PROBLEM DETAILS:
In this exercise, the entries below include pictures. Repeat exactly the lines from the line with "Scott® Essential™ WC-Papier" to the line with "Prefixes Worksheets 3rd", including both, but without the pictures.

DATA EXCERPTS:
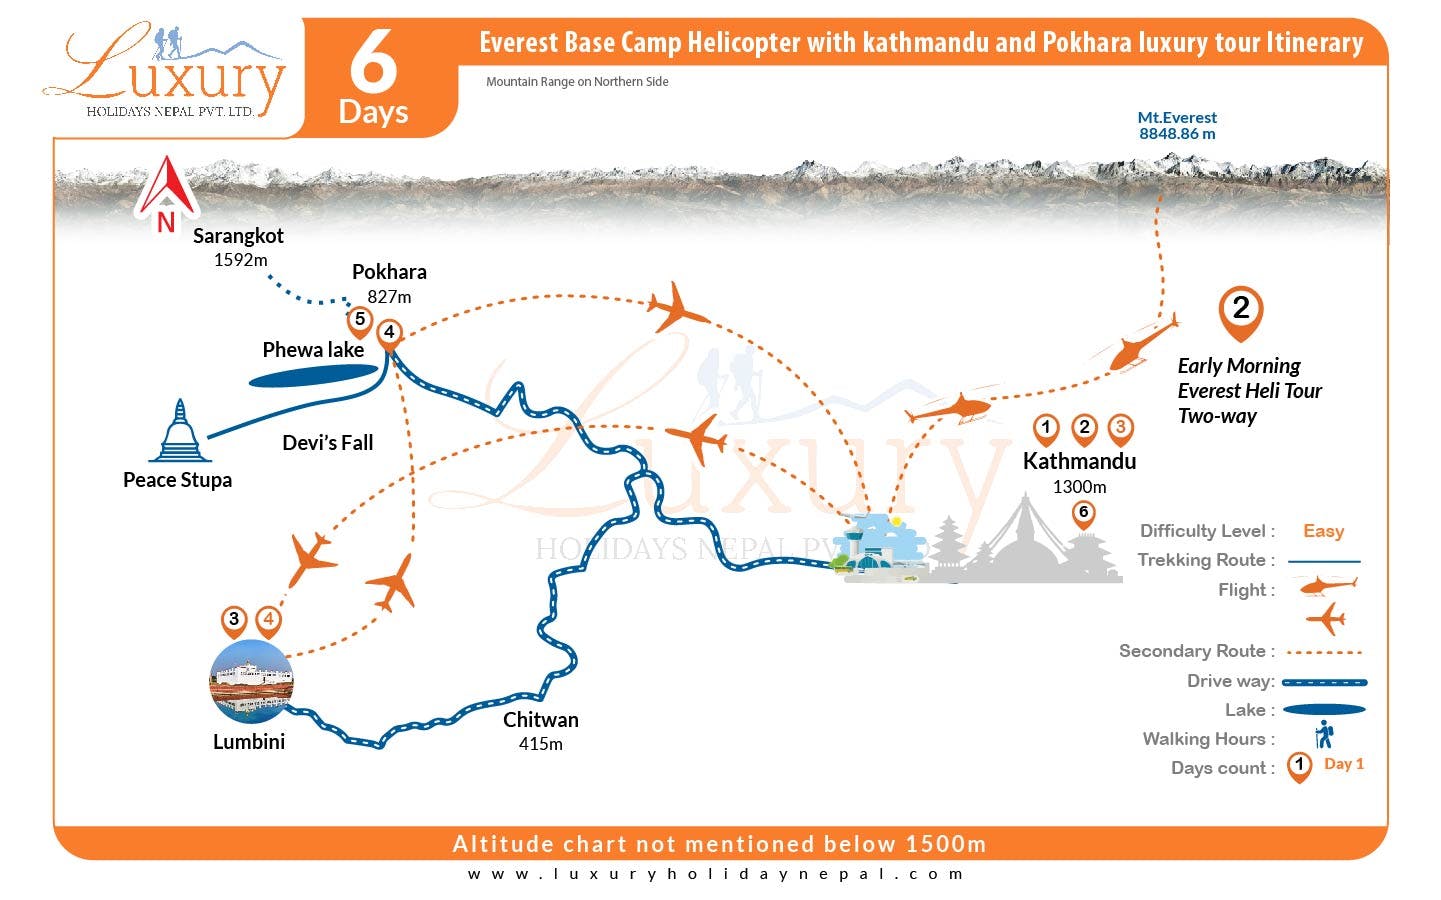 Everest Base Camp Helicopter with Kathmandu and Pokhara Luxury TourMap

==

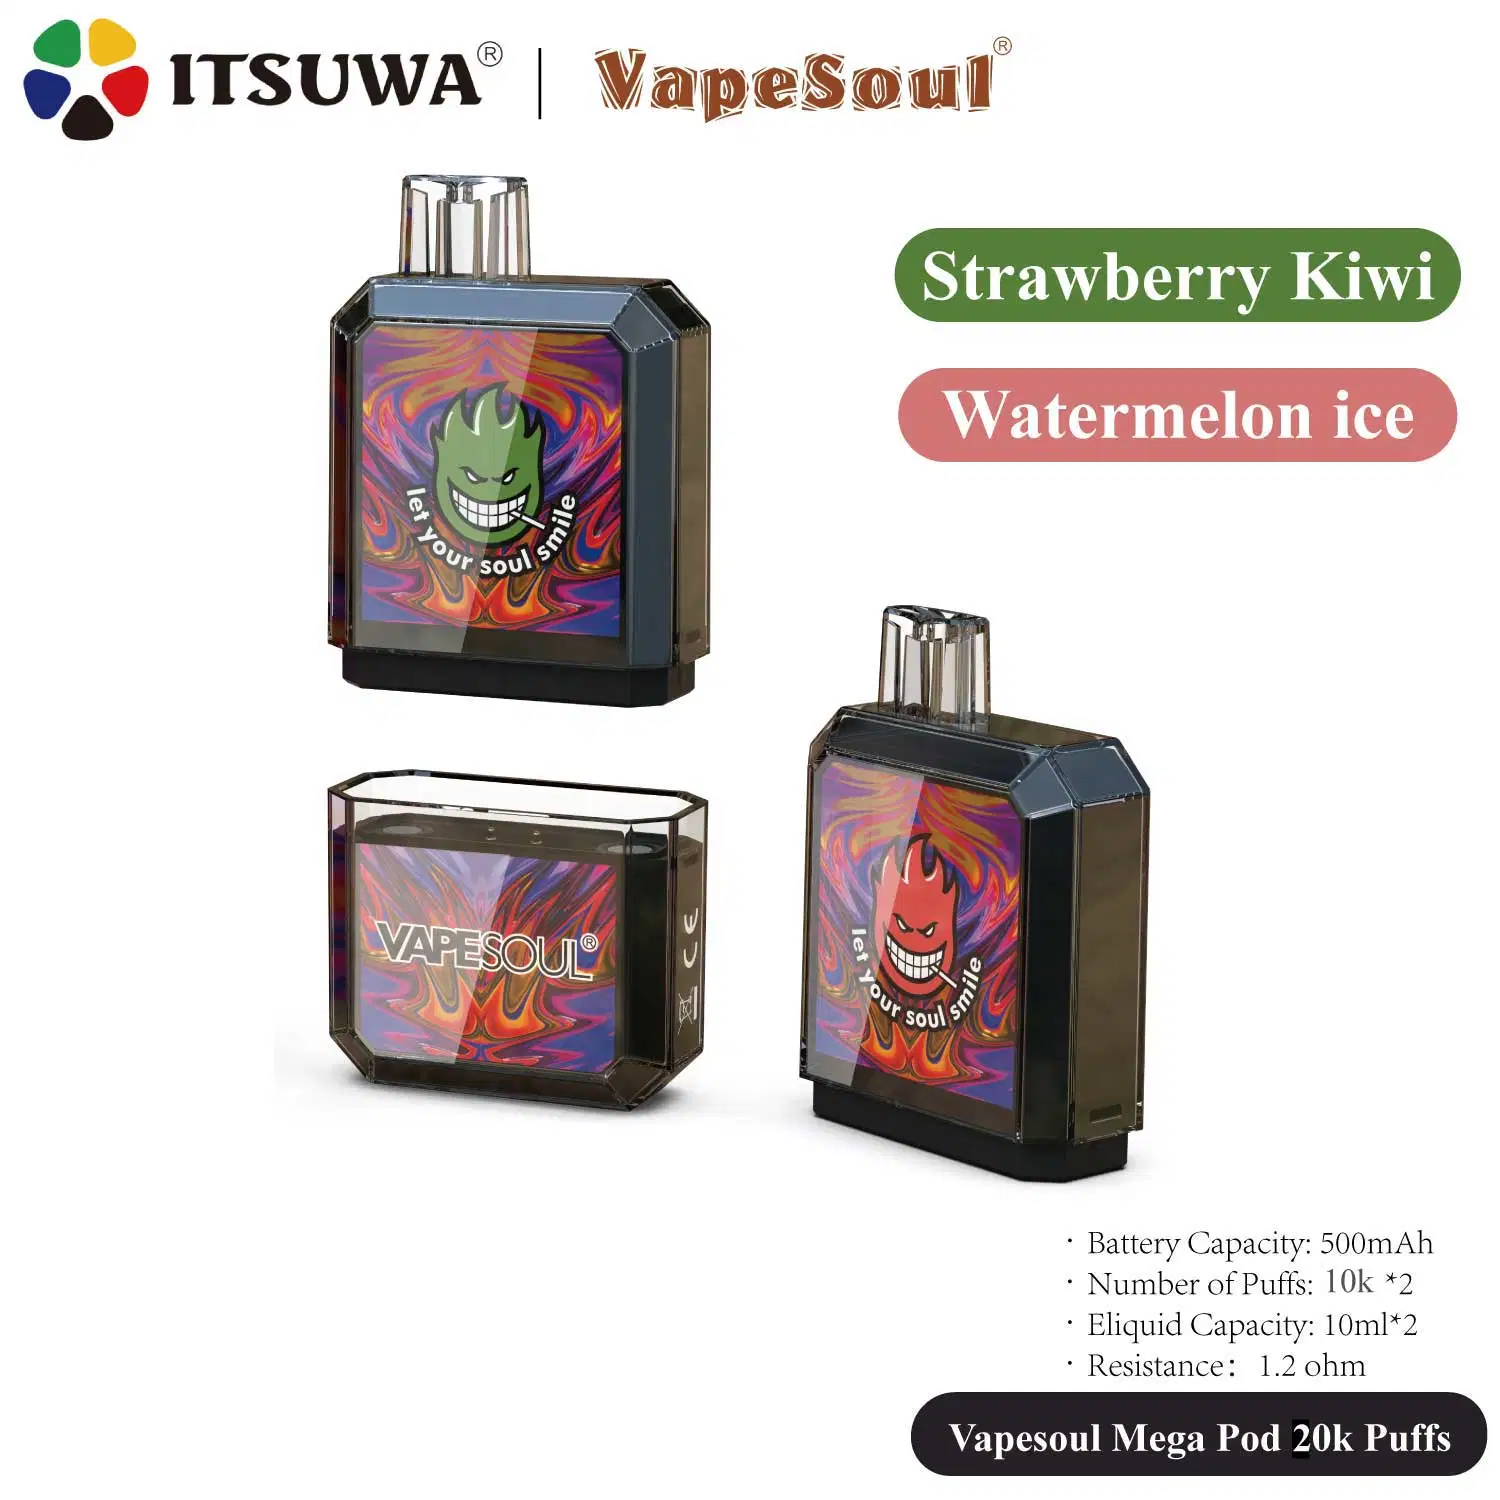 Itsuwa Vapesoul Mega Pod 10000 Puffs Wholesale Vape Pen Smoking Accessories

--

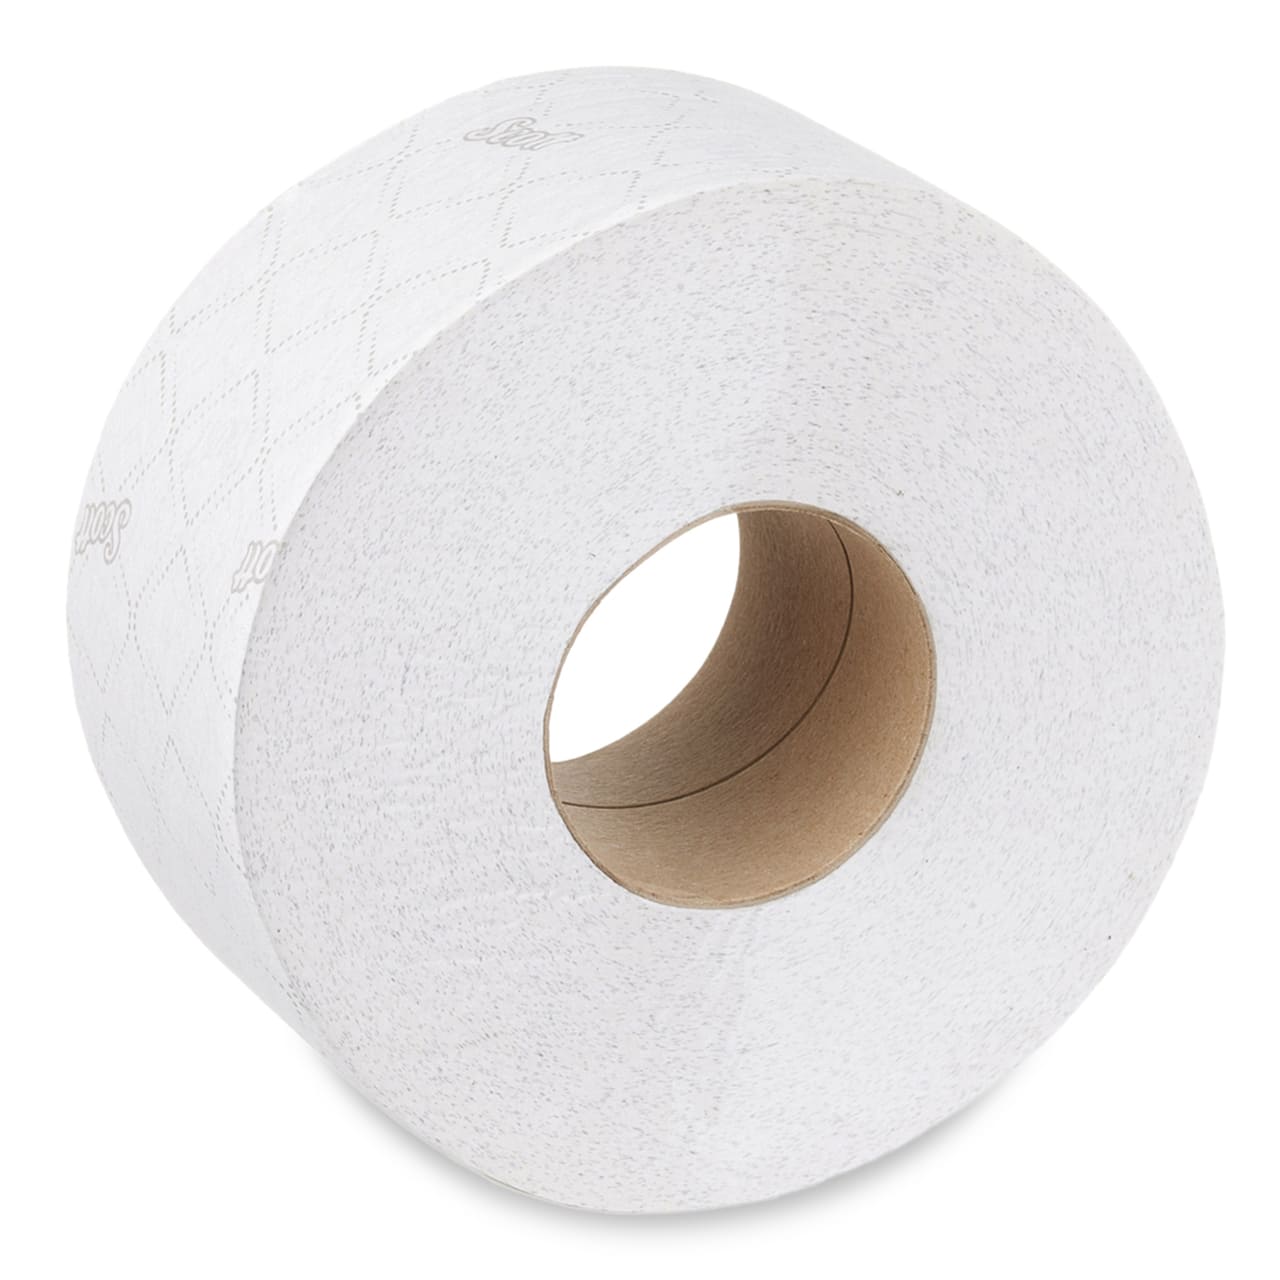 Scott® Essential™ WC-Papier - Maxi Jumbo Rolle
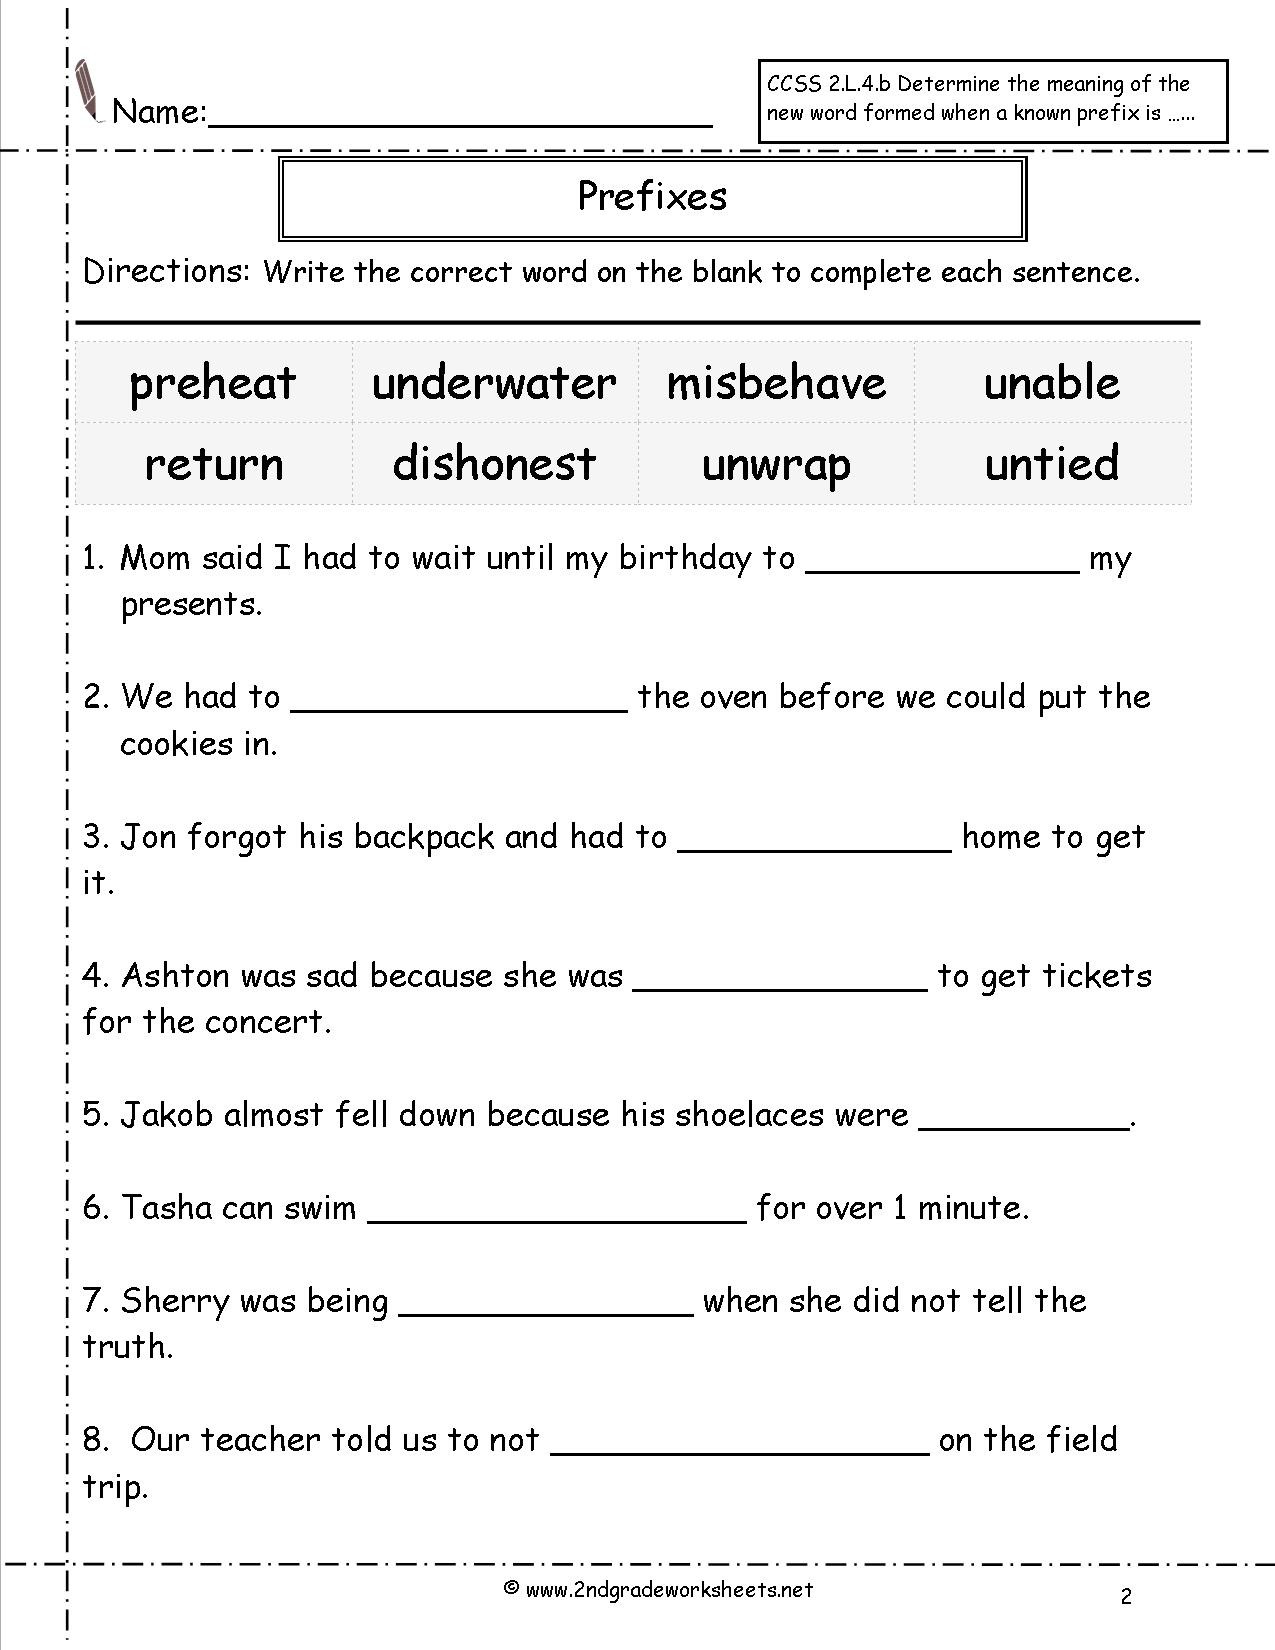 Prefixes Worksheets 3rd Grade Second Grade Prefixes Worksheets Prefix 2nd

RESULT:
 Scott® Essential™ WC-Papier - Maxi Jumbo Rolle
 Prefixes Worksheets 3rd Grade Second Grade Prefixes Worksheets Prefix 2nd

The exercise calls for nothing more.